Ich will (sofern anders möglich) keinen Server aus meinem PC machen, ich möchte nur ermöglichen, dass ich von irgendtwo anders auf die daten meines PCs zugreifen kann (sofern dieser selbstverständlich auch im Internet ist)...

wie geht das? (hoffentlich unkompliziert  )

danke schonmal 
xzarus


----------



## edi (27. Januar 2003)

ftp steht für file transfer protocoll
d.h. du kannst nur mit daten rumspielen (senden - empfangen)

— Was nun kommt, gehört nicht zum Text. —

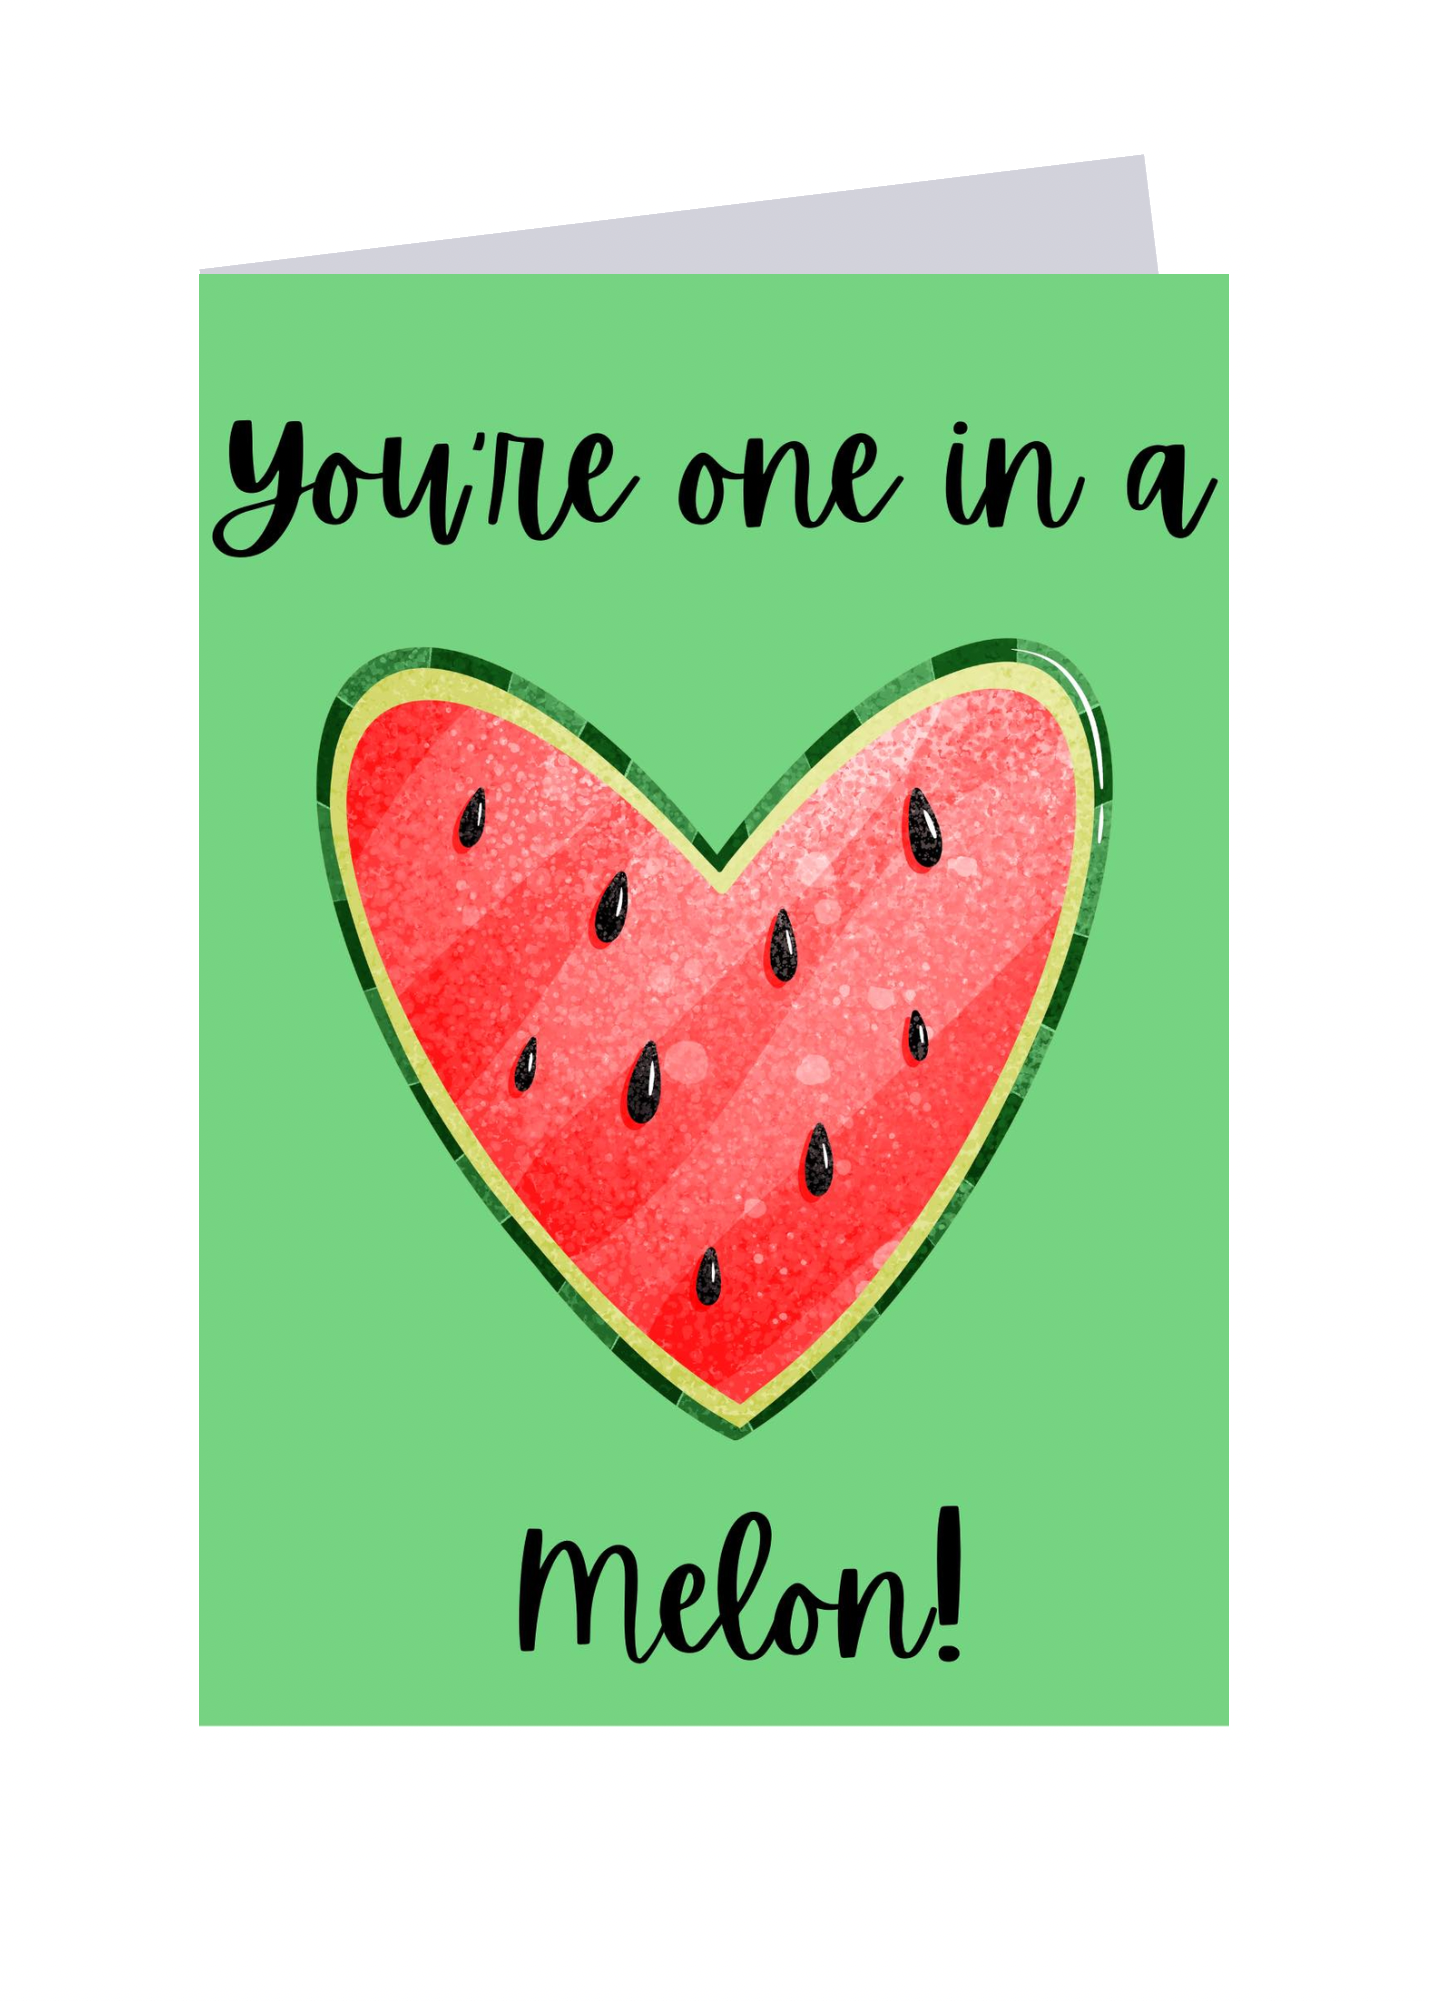 You’re one in a Melon!

dein pc mit ftp zu steuern wird daher etwas schwierig...

kannst du deine frage bitte bisschen präzisiern =)


cheers
***edi


----------



## Xzarus (27. Januar 2003)

naja... ich möchte meinen PC nicht dazu nutzen, eine Internetseite zu betreiben, sondern...

z.B. wenn ich irgentwo bin  und möchte irgenteine Datei von meinem PC haben (gehen wir davon aus, der is im Internet), wie komme ich dann ran?

Also wie kann ich Dateien von meinem PC "downloaden"???

(hoffentlich "präzieser" )


----------



## edi (27. Januar 2003)

ja k 
is verständlich genug (sry)

dafür musst nen ftp server aufmachen 
dafür gibts genug progs im inet (zb g6Ftp oder serv-u)


cheers
***edi


----------



## Arne Buchwald (27. Januar 2003)

Bitte  .

Über die Remote-Abfrage des heimischen PCs via DynDNS-Diensten gibt's genug Themen.

/closed


----------